▶ WHAT THE TASK ASKS
Could the data below be printed out exactly, with the pictures left out?

▶ RAW DATA

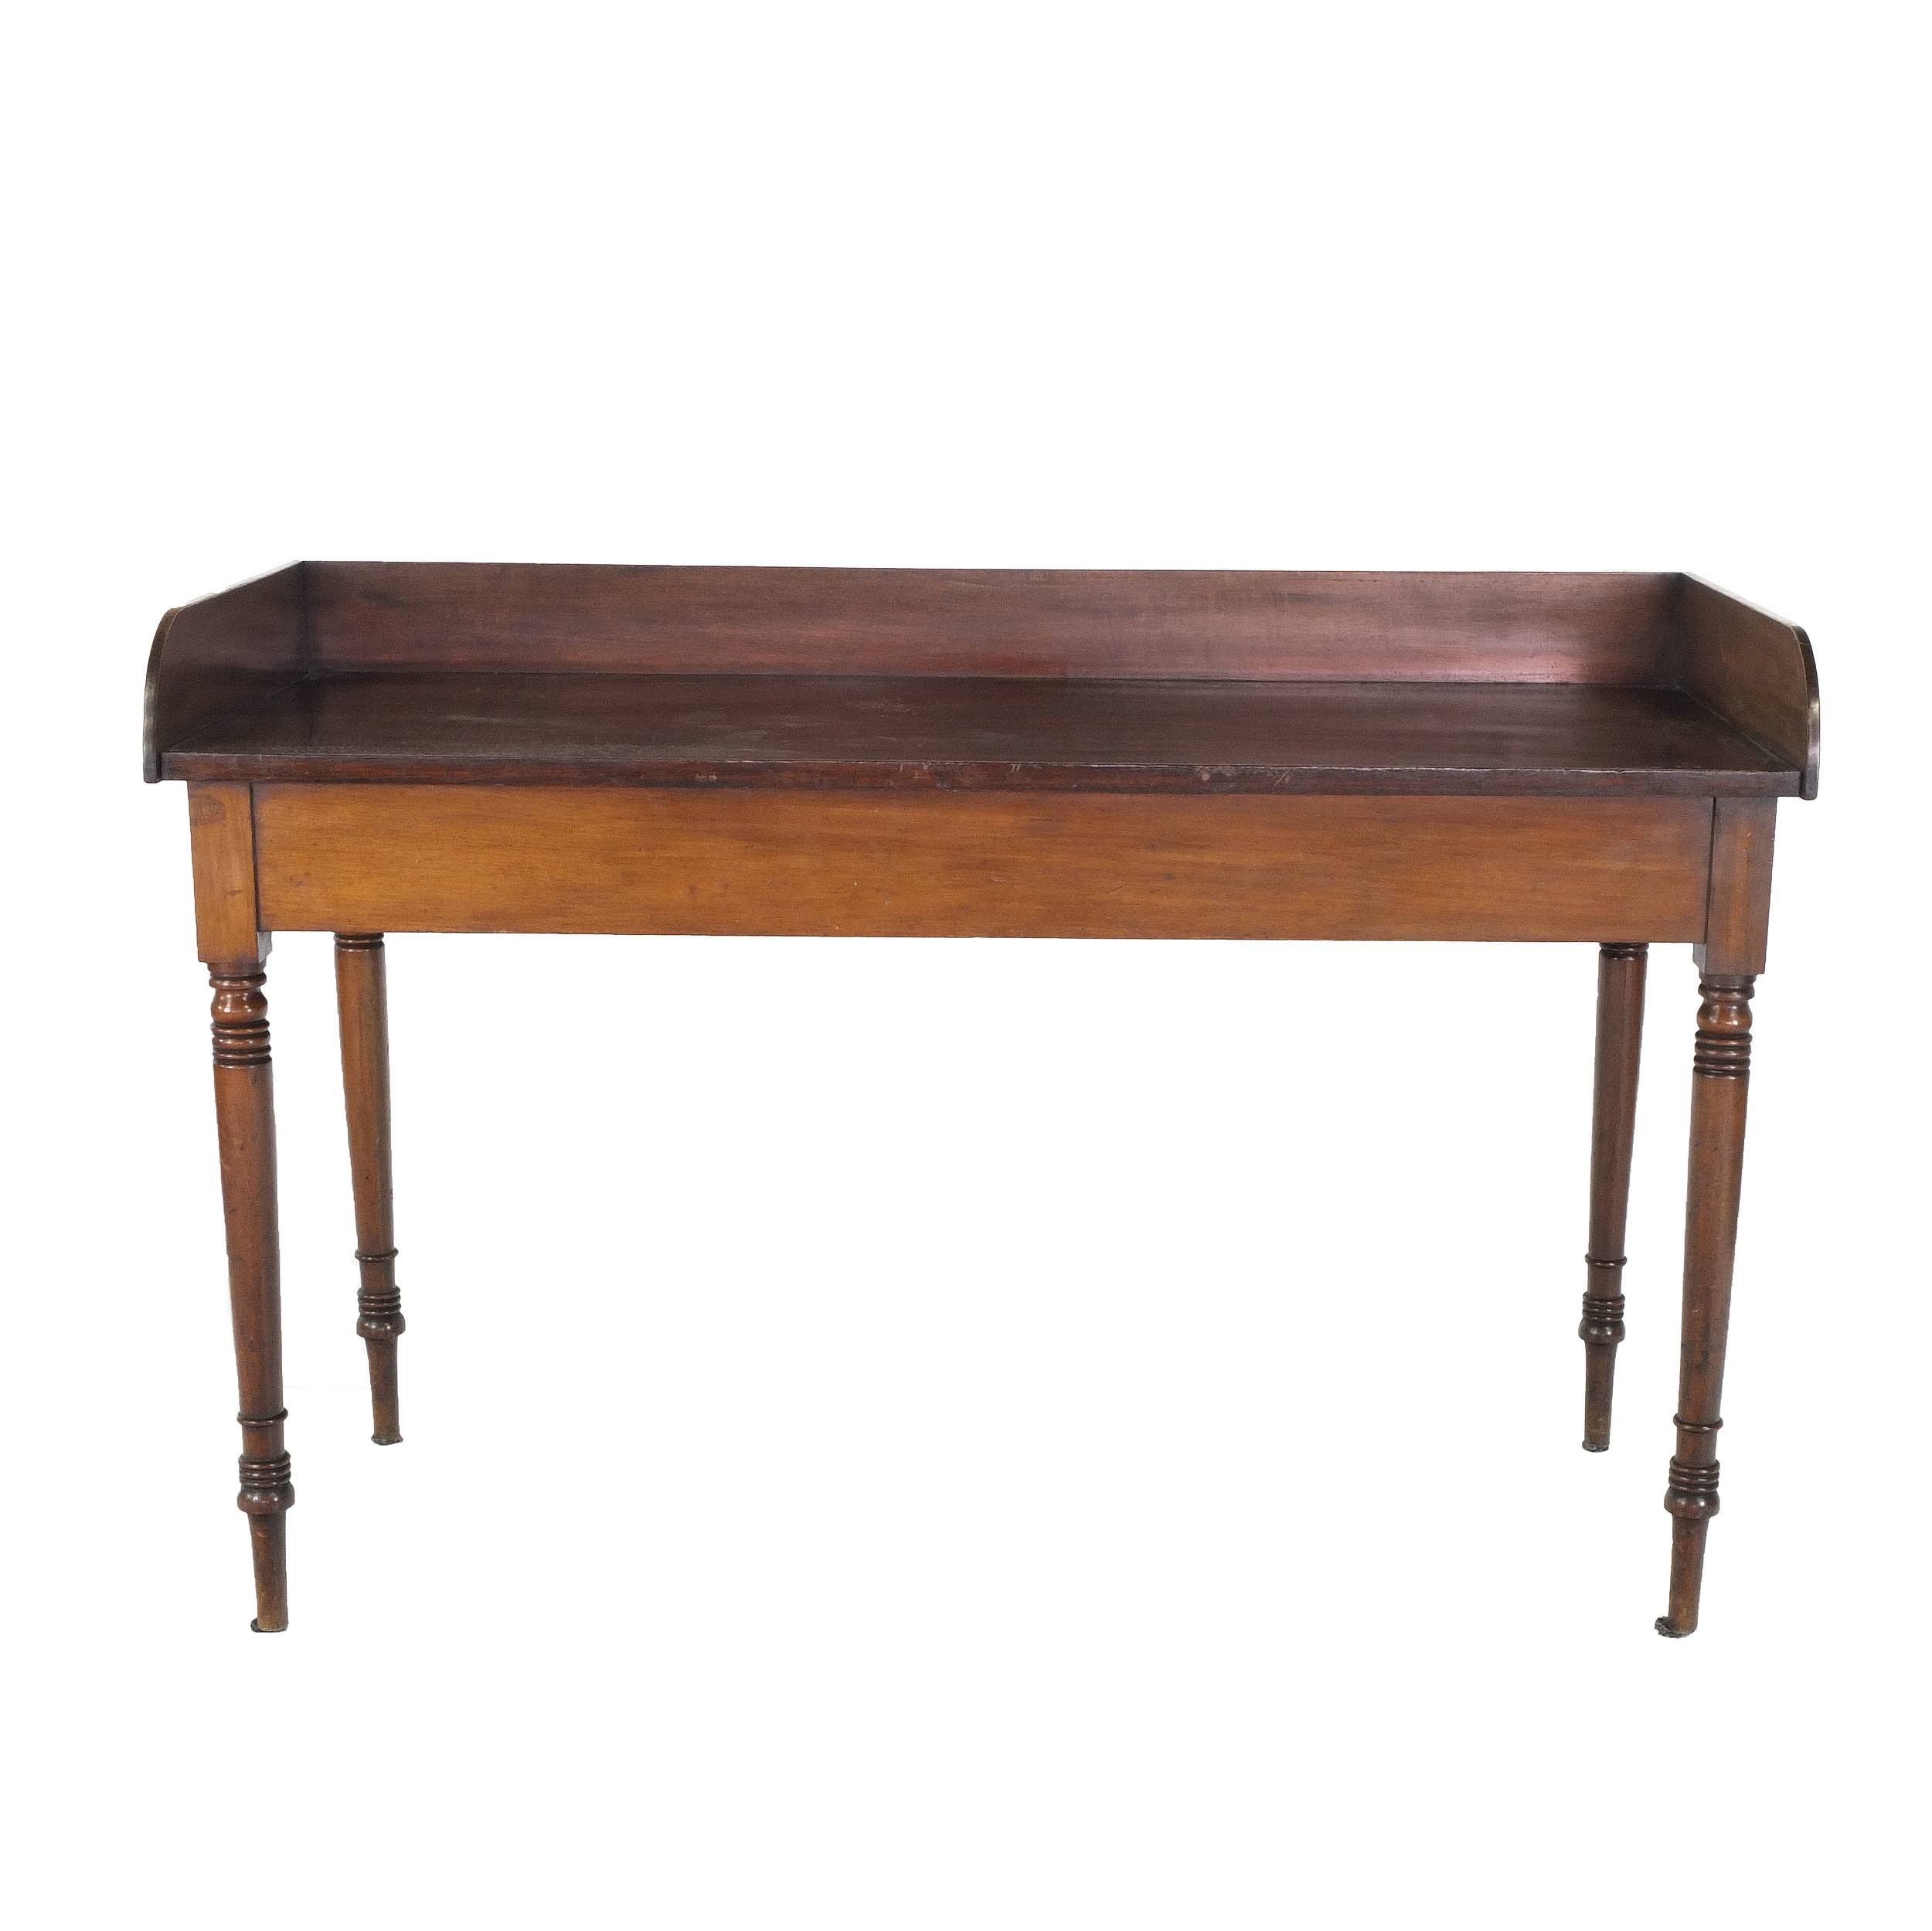 'Good English Mahogany Side Table with Gallery Back on Finely Turned Triple Ring Legs Circa 1820-1840'
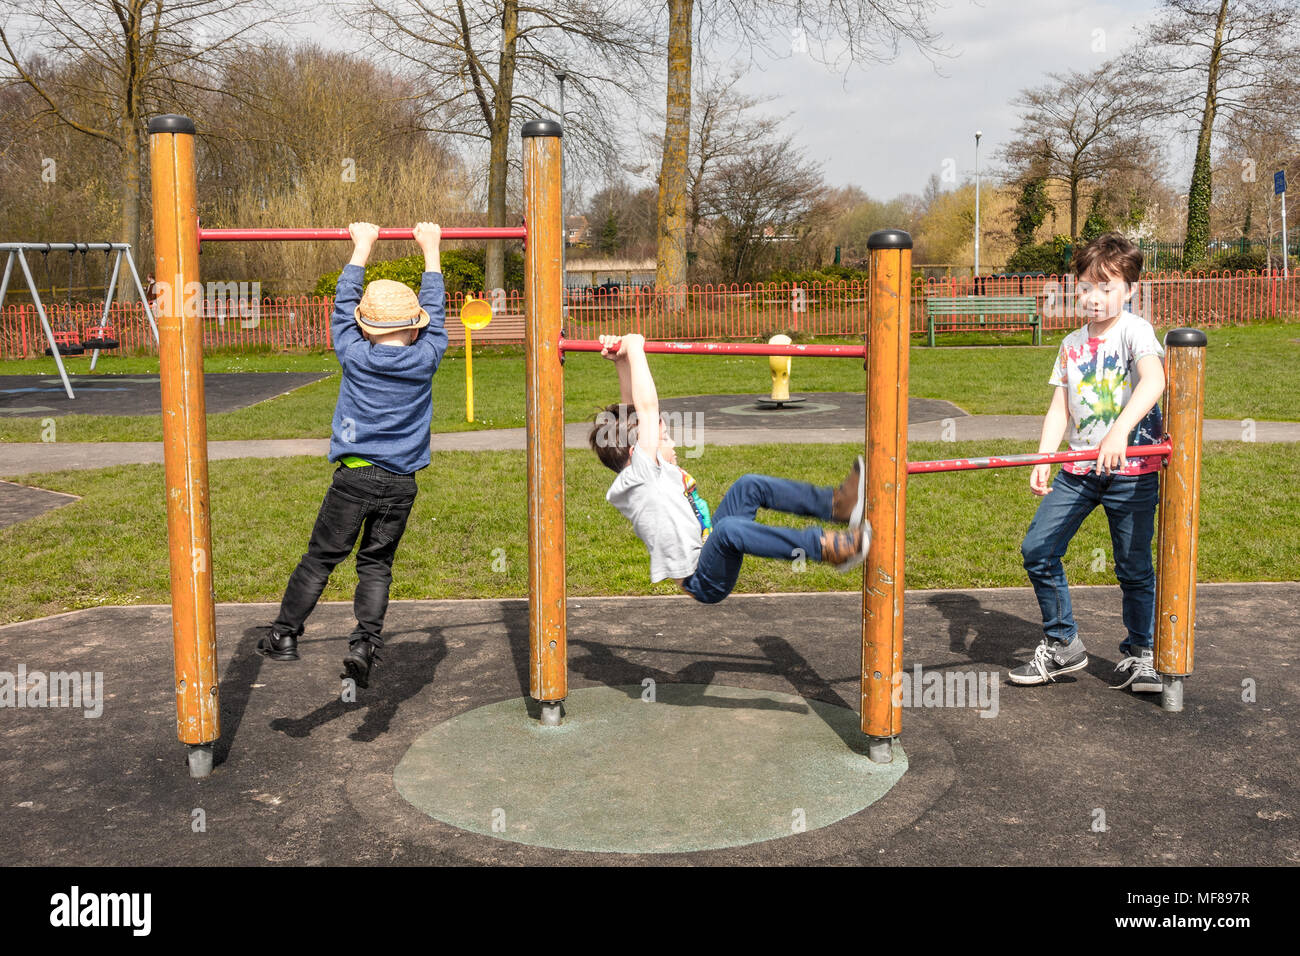 Young children play on pull up bars in a children's playground at the center of the village of Perton near Wolverhampton. Stock Photo
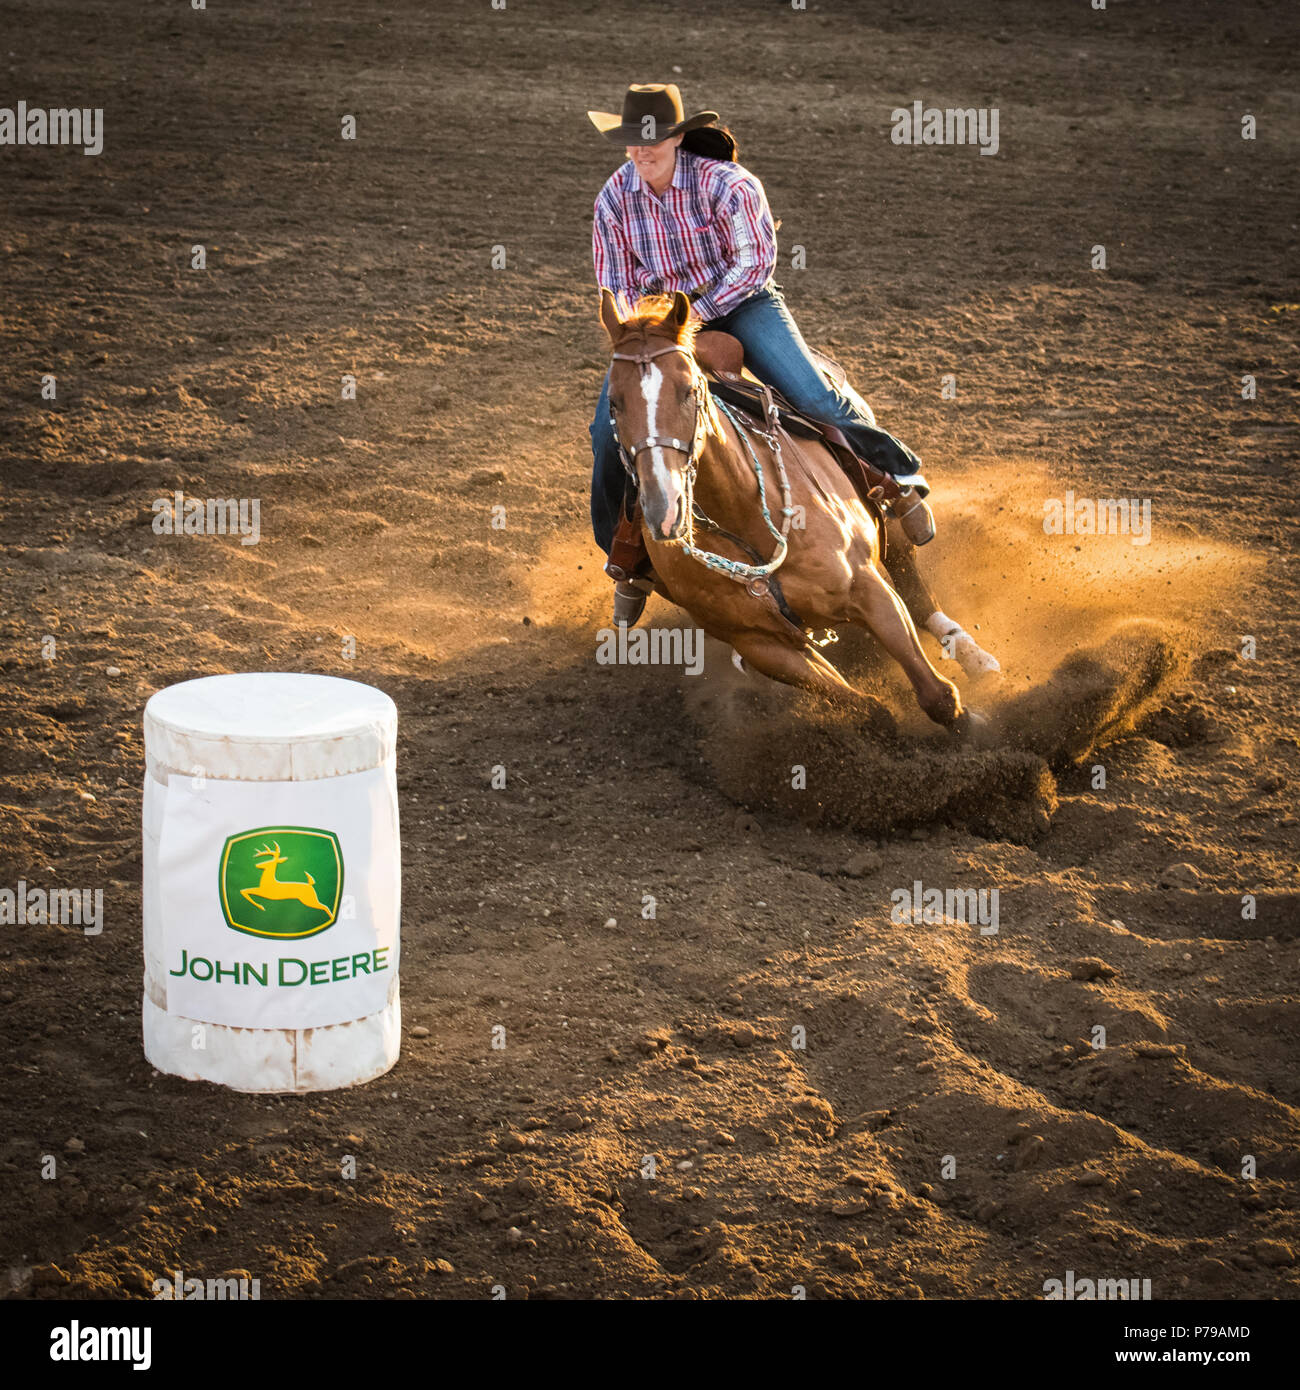 A competitor and her chestnut coloured horse race around a barrel at the Airdrie Pro Rodeo. Stock Photo

▶ EXPECTED OUTPUT
 'Good English Mahogany Side Table with Gallery Back on Finely Turned Triple Ring Legs Circa 1820-1840'
 Young children play on pull up bars in a children's playground at the center of the village of Perton near Wolverhampton. Stock Photo
 A competitor and her chestnut coloured horse race around a barrel at the Airdrie Pro Rodeo. Stock Photo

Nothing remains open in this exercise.